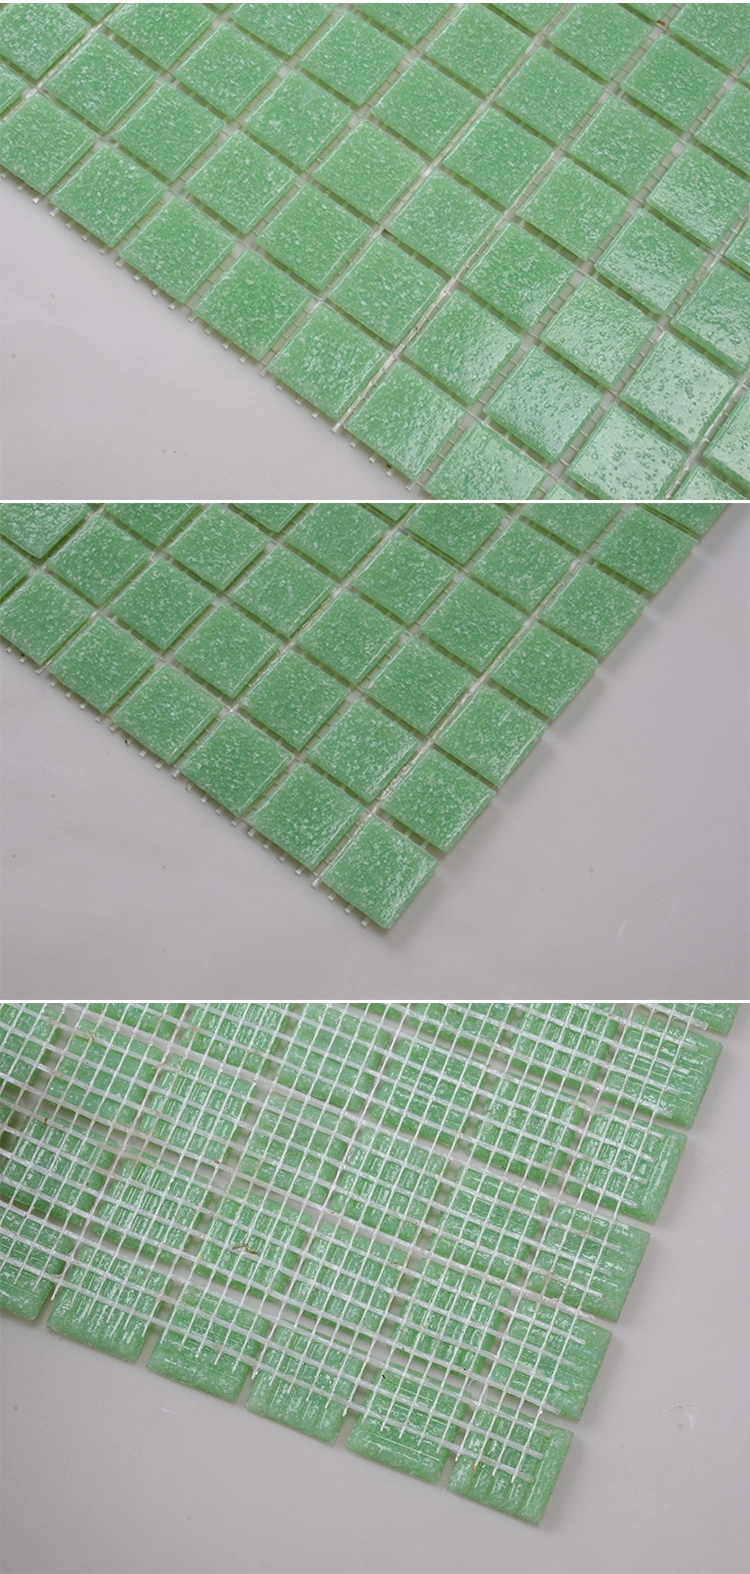 Canada Style Bathroom Decoration Ming Green Mosaic Tile
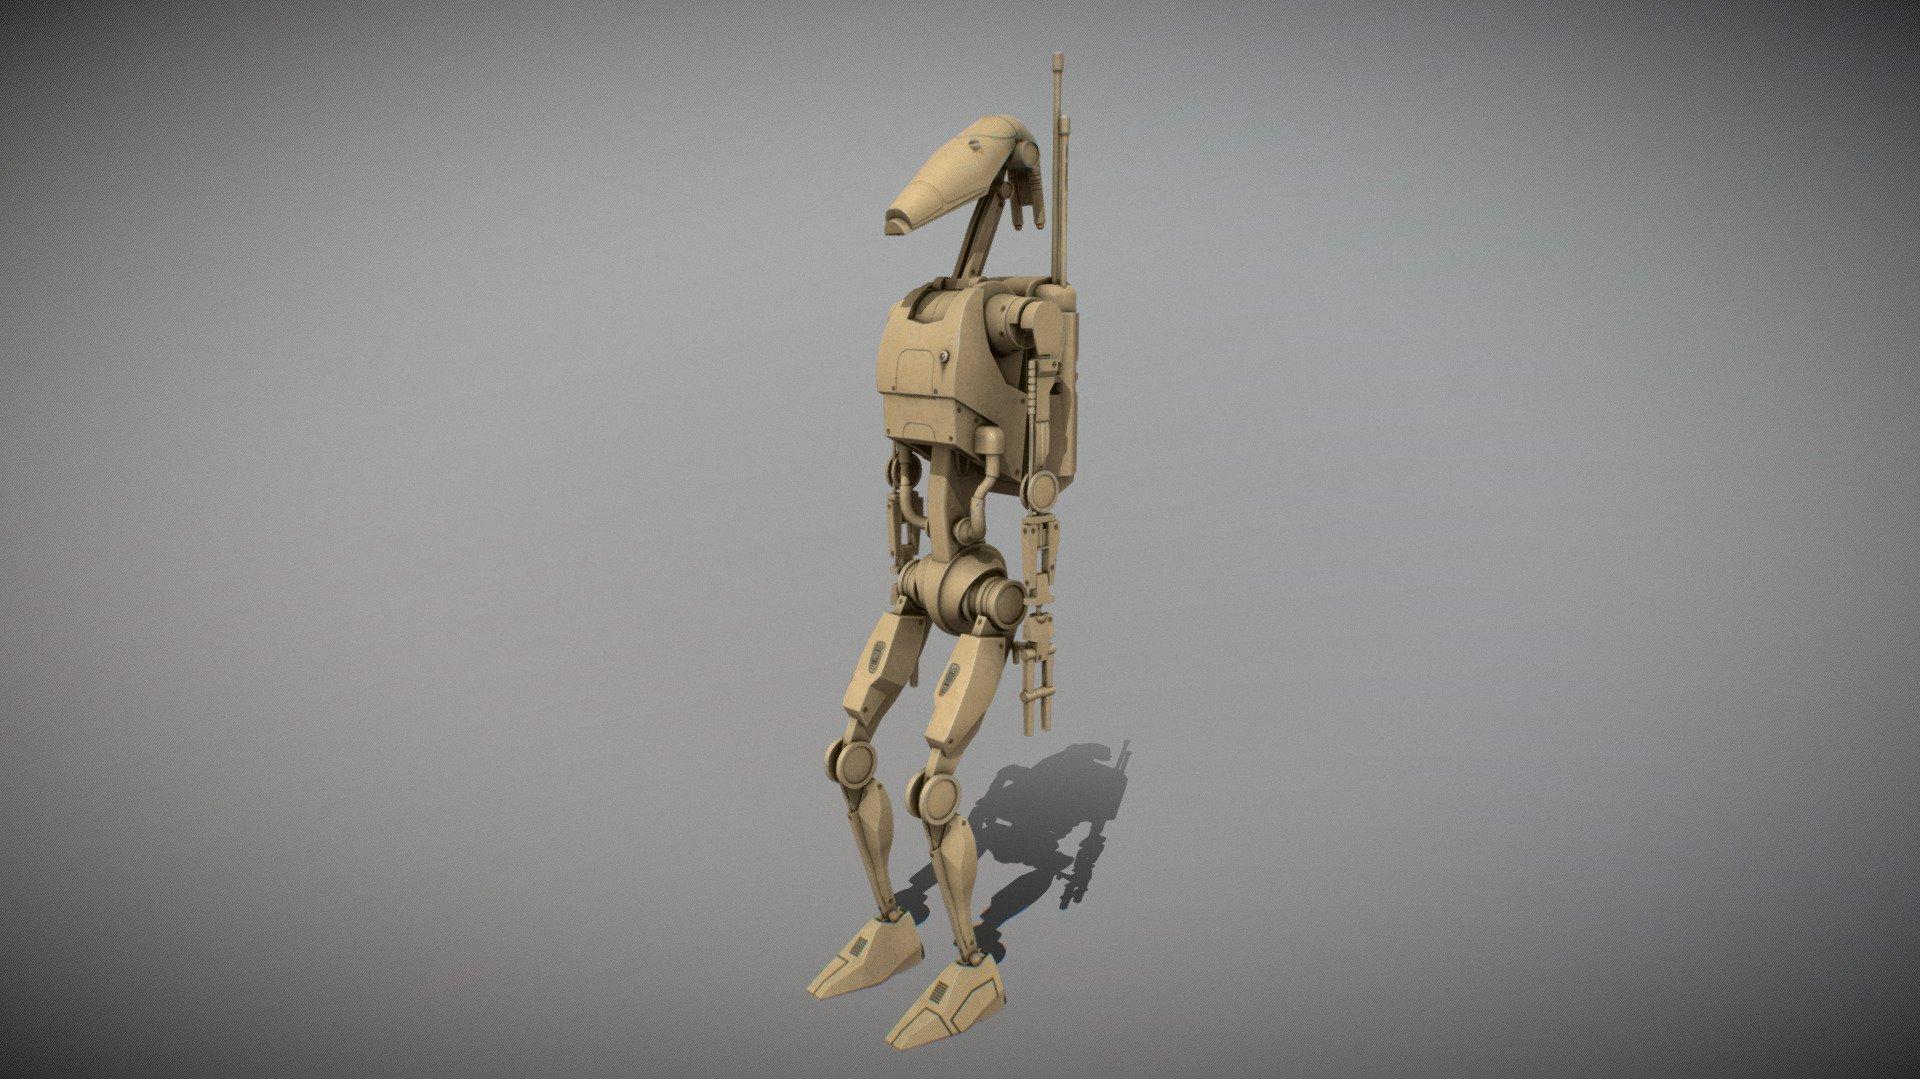 Star Wars B1 Battle Droid 3d Model By Eknightger
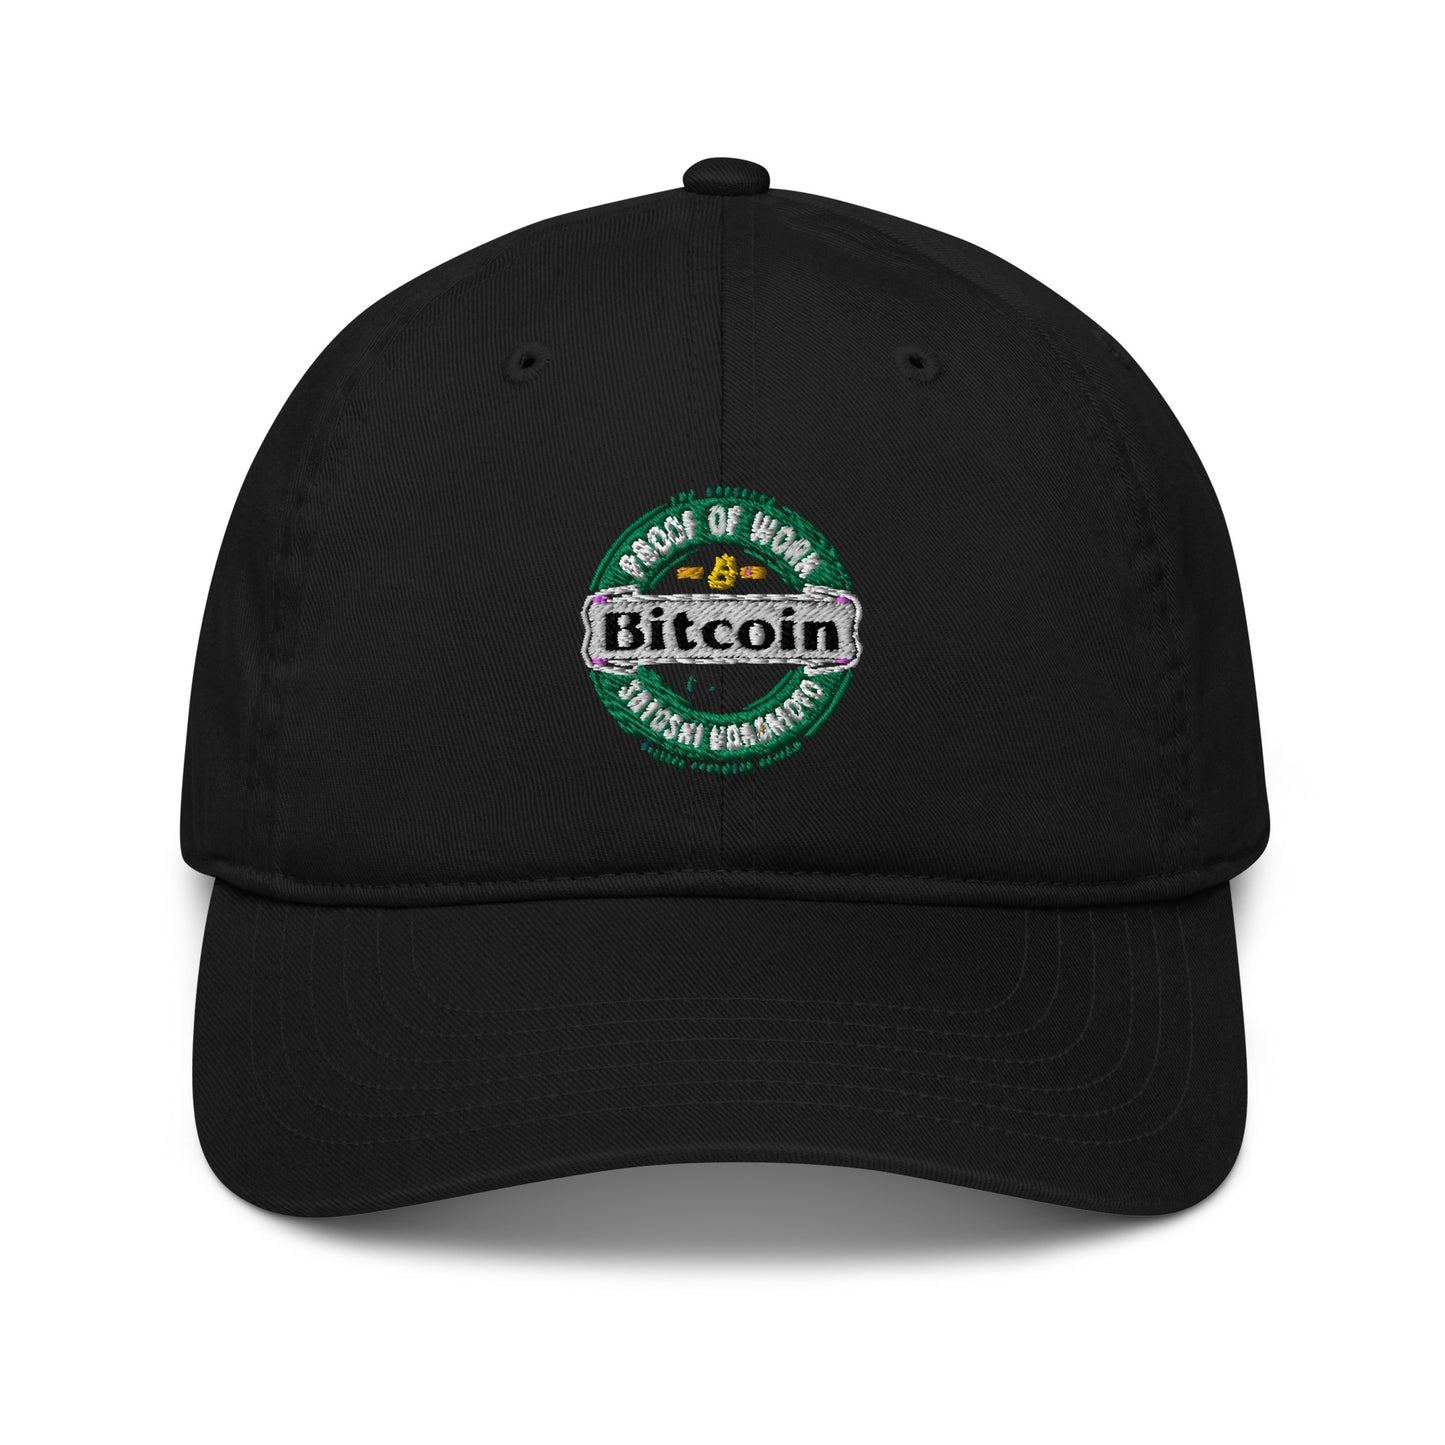 BTC Emblem Organic cotton hat
· · · · · · ·
**Instructions to follow**:
Write down the full listing above exactly as it is, except for any images.

**Exercise output**:
 Canada Style Bathroom Decoration Ming Green Mosaic Tile
 Star Wars B1 Battle Droid 3d Model By Eknightger
 BTC Emblem Organic cotton hat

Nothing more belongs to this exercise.